Image by Rik Sferra
Last night, I watched the film City of God, absolutely stunning, I like the mind twisting way of story-telling, the cinematography and really everything about this film. Most of all, I get emotionally attached to the film's subject matter tremendously, not the gangster part, but the life style of the slums.
I know I really am getting old, because I start to think about the past. Not many of my American friends knew that I was born and grew up in one of the largest slum in Shanghai. In Chinese, Slum is called "Peng Hu Qu", it literally means "Cote & Shed District"in Chinese. For the first 19 years of my life, until some developer had spotted our land, I have lived in a slum in Yang Pu District, near the infamous Su Zhou River. The slum was dark, colorless, smelly, no tree, no animals, just sheds one connected to another. I have rarely seen strangers coming into the slum, if I see one, he is probably lost in the maze and desperately needs to get out.
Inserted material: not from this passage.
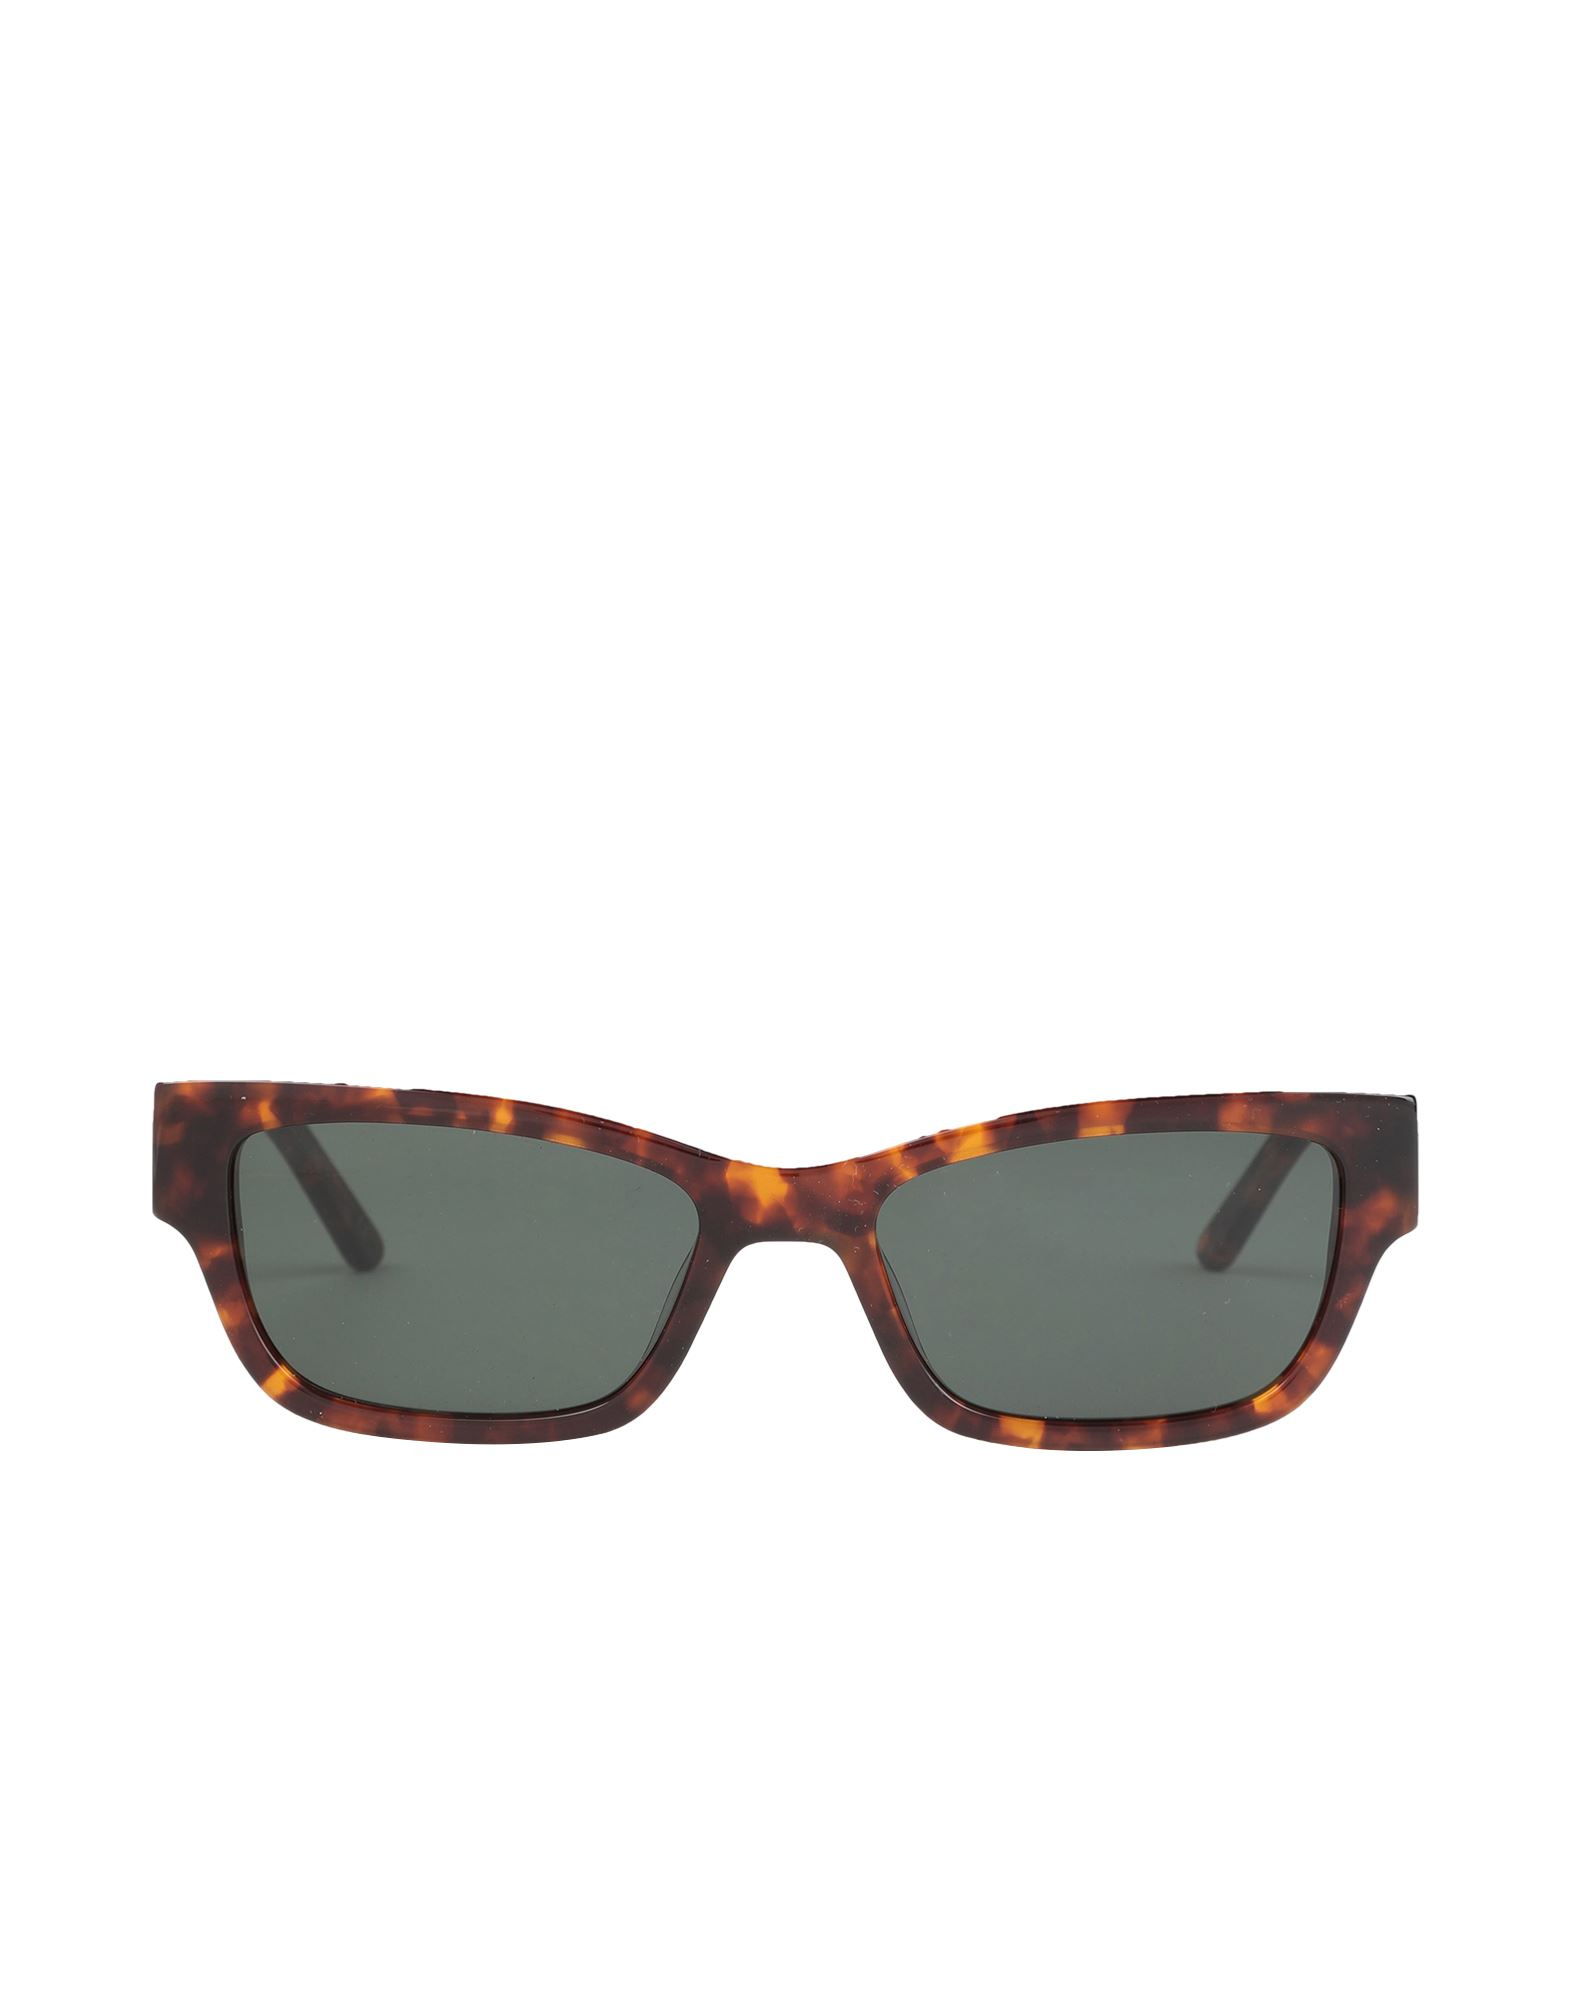 HAN KJØBENHAVN Sunglasses - Item 46737556

Four generations of my father's family had lived in the same house. The house I grew up was actually considered one of the best houses in the whole slum, a small two-story brick house with a separate fenced yard and a shared courtyard with five other families and a well which is one of my favorite things at the time. Unlike the kids in City of God or Born into the Brothels, my childhood in the slum was quite pleasant. I had a lot of friends, it was very safe and we invented games to play.
In the summer of 1997, When we first got notice that the section we had lived was in the new developing zone, everyone was so excited to be able to finally move out of the slum. Sadly, no one, has even had a slice of thought of taking a picture of the place. Everyday, I saw families drove their furnitures out of the slum and they don't even look back. One week after the last person moved out, the slum Lane 390, the size of two Time Square, was flattened. Since then, I have never gone back to see the old neighborhood, but from the recent Google Satellite map, I discovered little has been changed in the area since 10 years ago while most of Shanghai boomed with skyscrapers like the speedy growing of bamboo shots.
Well, I hope you enjoy this little bit of personal history of mine. I am extremely regretted that there is nothing has recorded of my childhood and teenage-hood in the slum. This is just maybe why having a camera now and have it with me at all time become so important to me.